By all rights, this should have been called Chapter 4: Officially Out of Both Sanity and Ideas. Watching this chapter was one of the most pointless 20 minutes I have ever spent and was only redeemed — slightly redeemed — in that it captured on film the emotional and physical pain Regis Toomey had to endure to make a living in Hollywood.

Chapter 4 starts out well enough by not completely cheating on the cliffhanger. While the crashing antenna missed the car, Regis’ expert defensive driving technique does cause the vehicle to careen off the road and down a mild hill.

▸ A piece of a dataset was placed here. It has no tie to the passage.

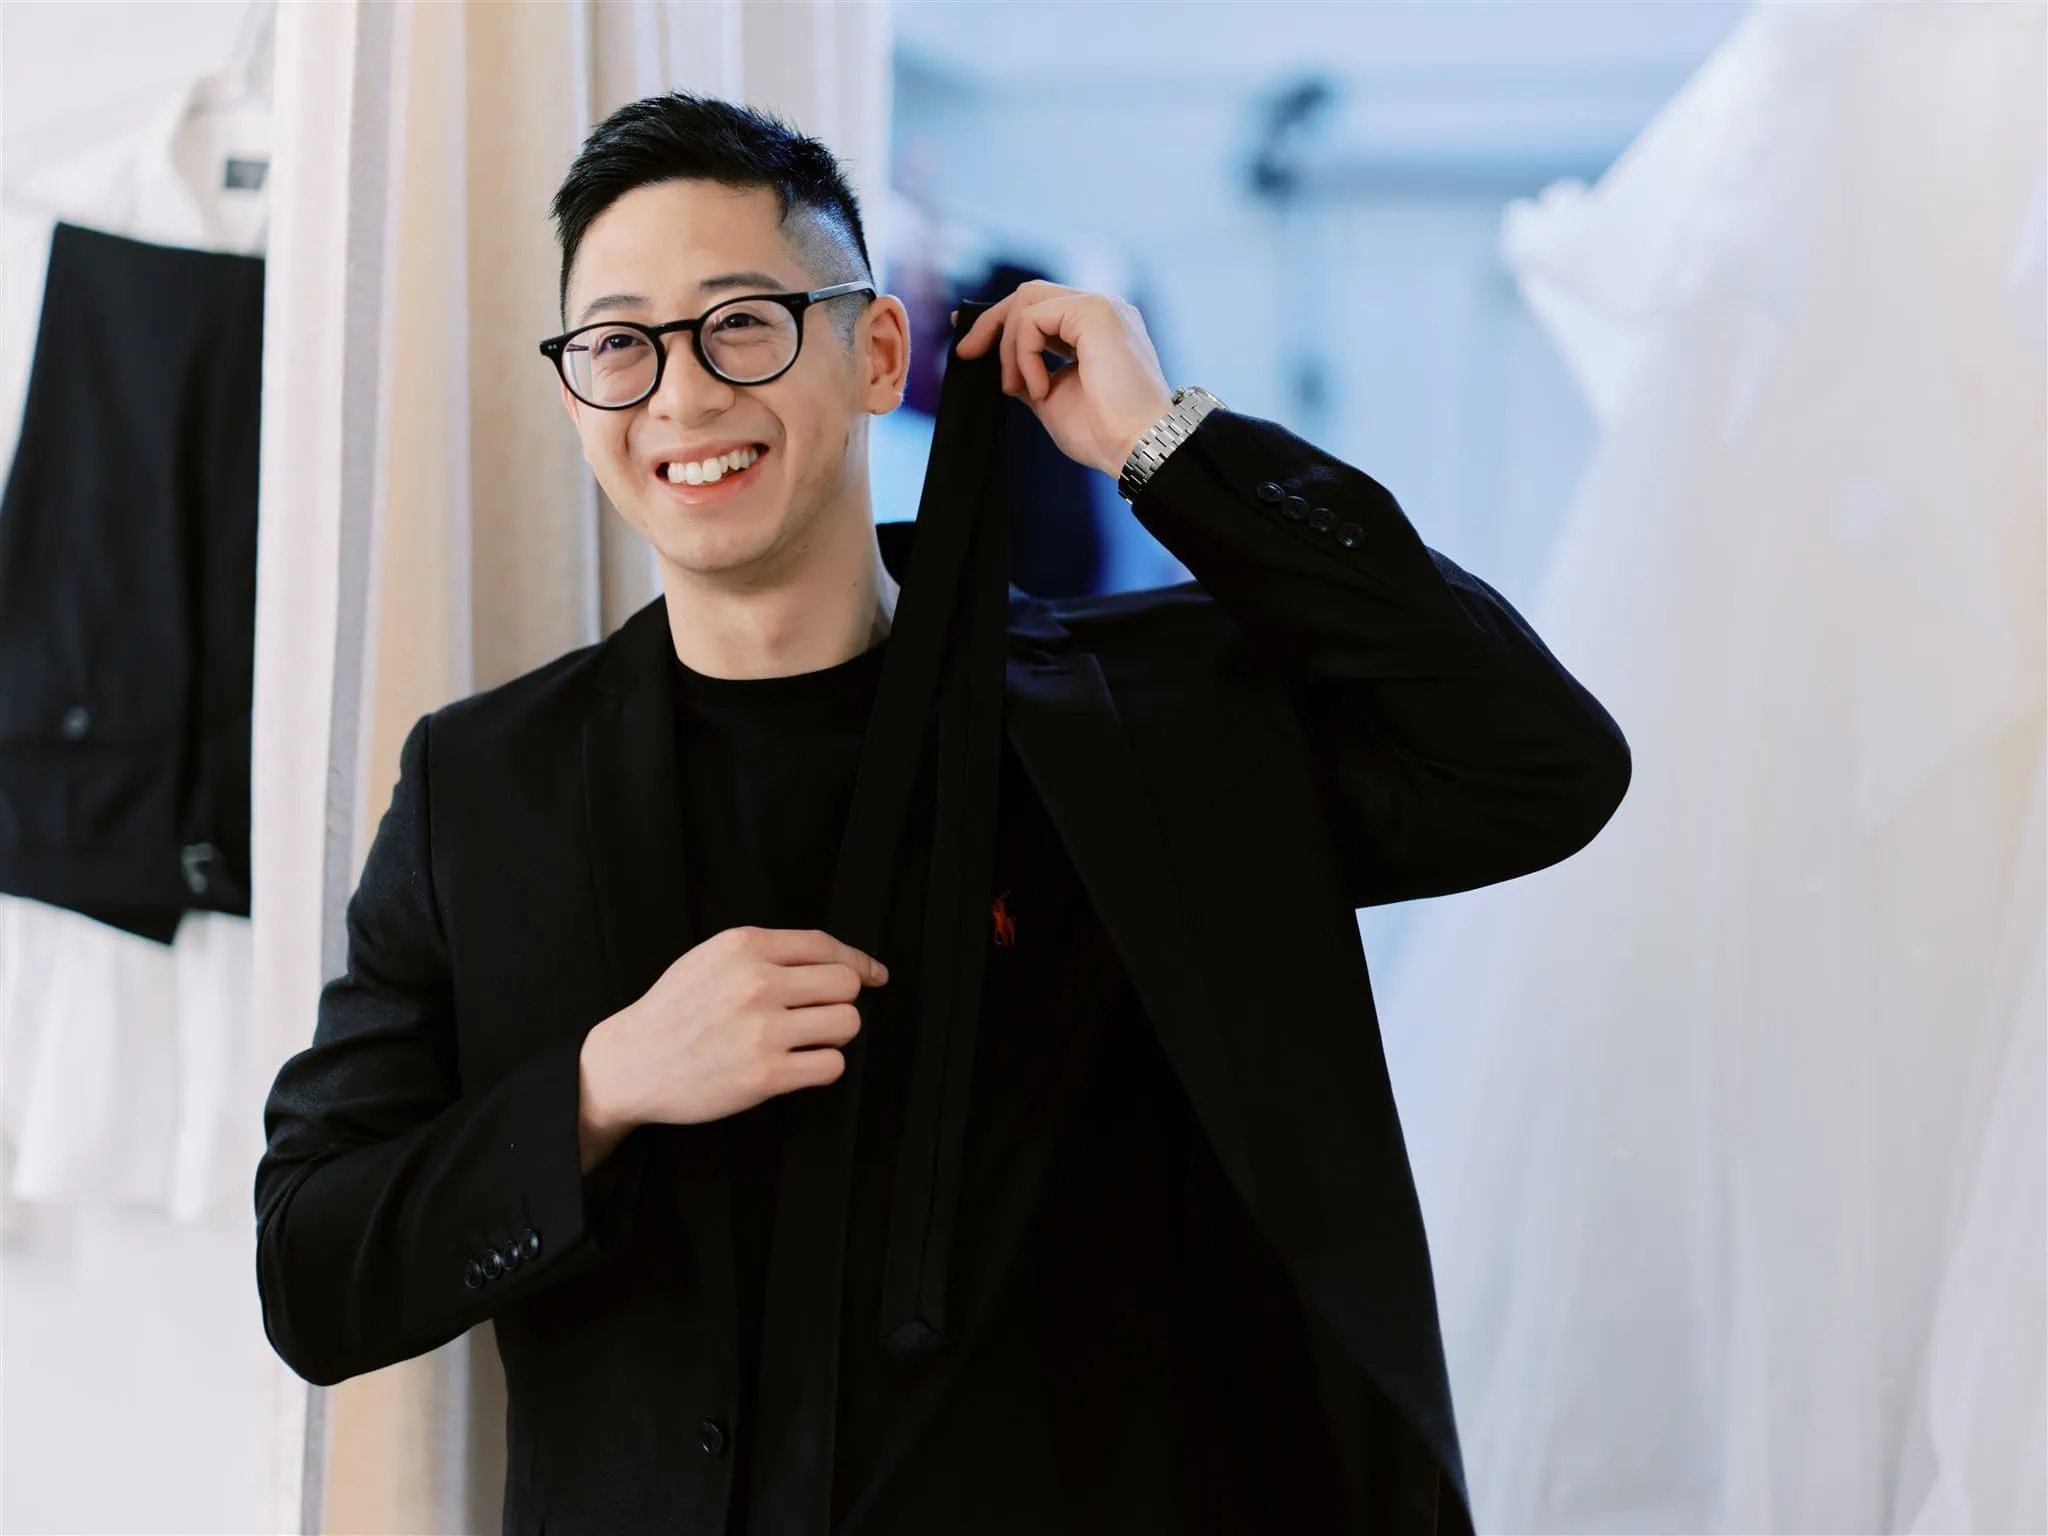 Kyoto Tokyo Japan Elopement Wedding Photographer, Planner & Videographer | A man wearing glasses and a suit in a dress shop searching for the perfect attire for his Japan elopement.

Pretend this cute little model is an actual car.

 

The prisoner Monk escapes during the chaos. G-Man Bob is unscathed as always (I hold out hope that around Chapter 10, it will be revealed he is a robot made of Teflon and fiberglass), but the Toomster gets knocked out again. By all rights he should have experienced enough head trauma to be entertainingly off-kilter at this point; alas, he is no Zaroff or Uncle Charlie. He does however have the presence of mind to be very cranky when G-Man Bob rouses him in the middle of a field. Toomey knows that unconsciousness is the best case scenario: A paycheck without having to actually do any work.

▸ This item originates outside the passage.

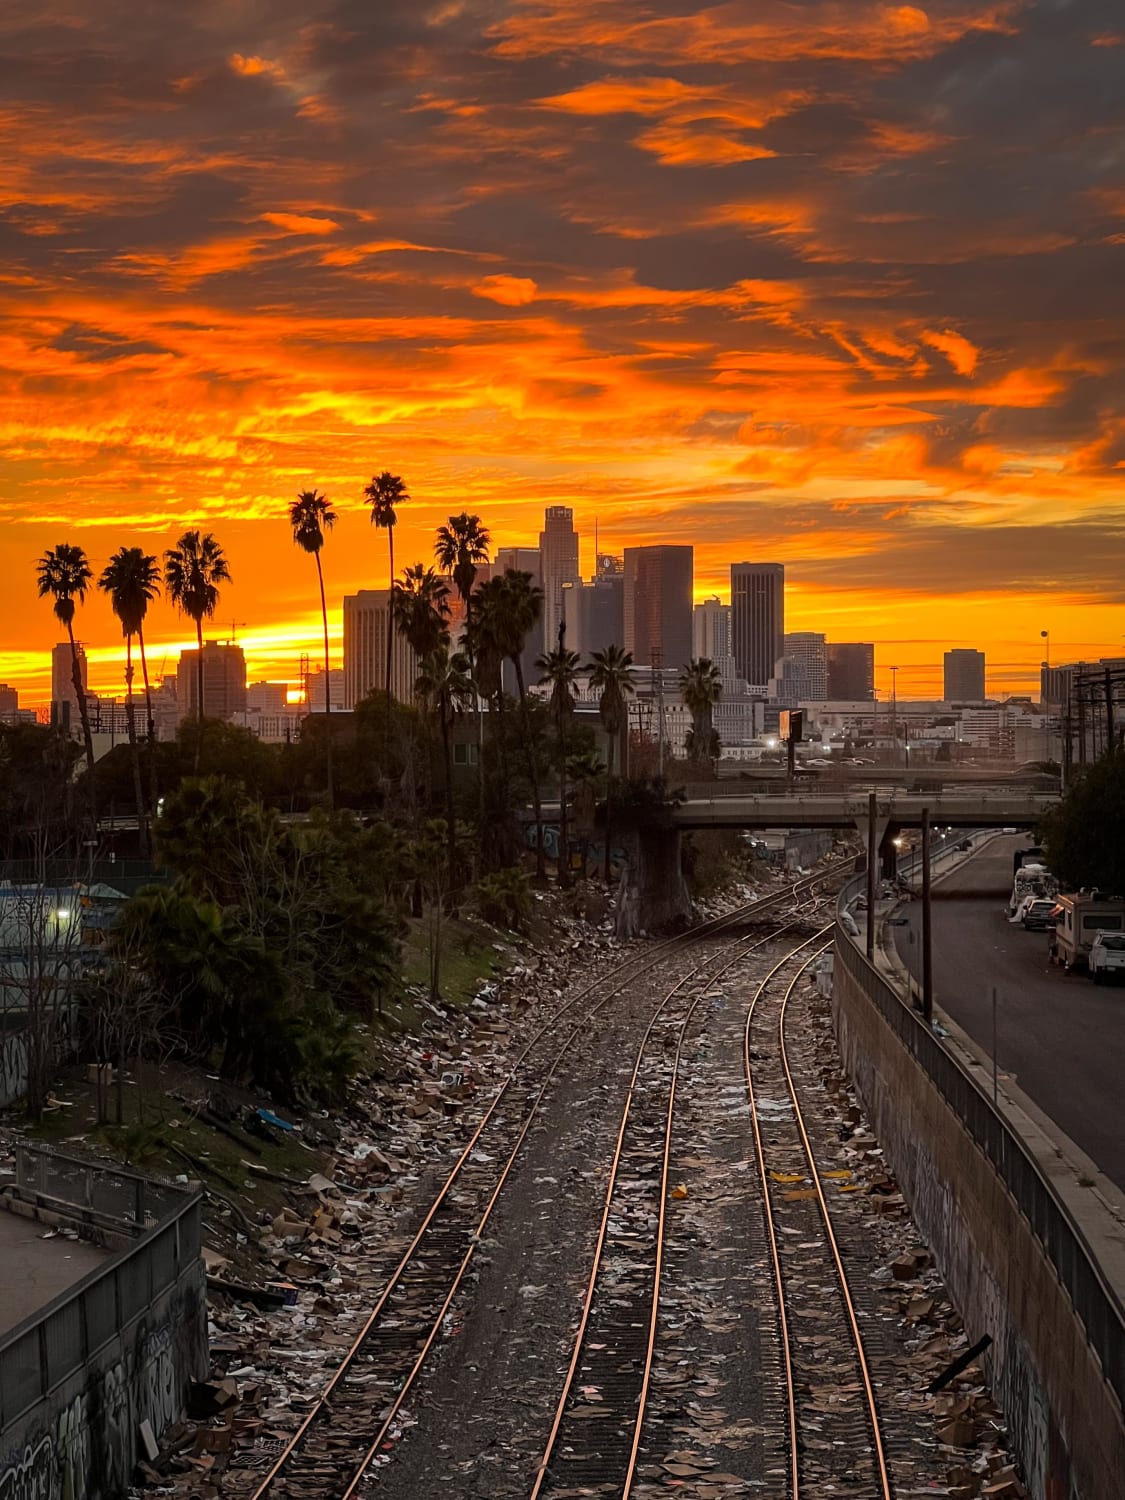 ITAP of Sunset Over Stolen Package Wasteland - Los Angeles

Toomster also knows that this production is in so much trouble that it’s about to embark on five full minutes of tiresome repetition just to fill out a chapter. He suggests they go after Monk, but G-Man Bob again says apprehending the bad guys is not important. Instead, he trots to the nearby car to retrieve Dr. Zorka’s magic meteorite while Regis dusts himself off. Monk knocks Regis unconscious again and steals the meteorite again. Bob shoots Monk in the arm again, he loses the meteorite again, Bob retrieves the meteorite again and rouses Toomey from his stupor again. Regis suggests they go after Monk again and G-Man Bob says it’s not worth it again. Zorka discovers the meteorite missing and, when Monk returns, is again convinced by Monk — who is a shitty damn liar, by the way — that he had nothing to do with the loss of the meteorite again. Again again fucking again with this movie. This is so sad, you guys. I feel sorry for the innocent shrubbery and blades of grass that were slightly disturbed in the making of such a pitiful excuse for entertainment.

The only redeeming moment in this entire sequence is when Zorka threatens Monk with the Iron Man:


Watching Iron Man flail around with clumsy evil claw arms through Monk-O-Vision is pretty awesome, and frankly it was the only thing that kept me from chewing my own foot off in despair.

Zorka feels sorry for Monk, so he proceeds to tend to his sidekick’s gunshot wounds with a special healing ray. The ray is a spinning glitter-covered fan with light bulbs attached. It looks all the world like something you would find in the back room of a small Midwestern head shop, nestled between a stack of decades-old Zig Zag rolling papers and a dust-covered, impotent Lava Lamp that can barely manage one pitiful blurp every 10 minutes.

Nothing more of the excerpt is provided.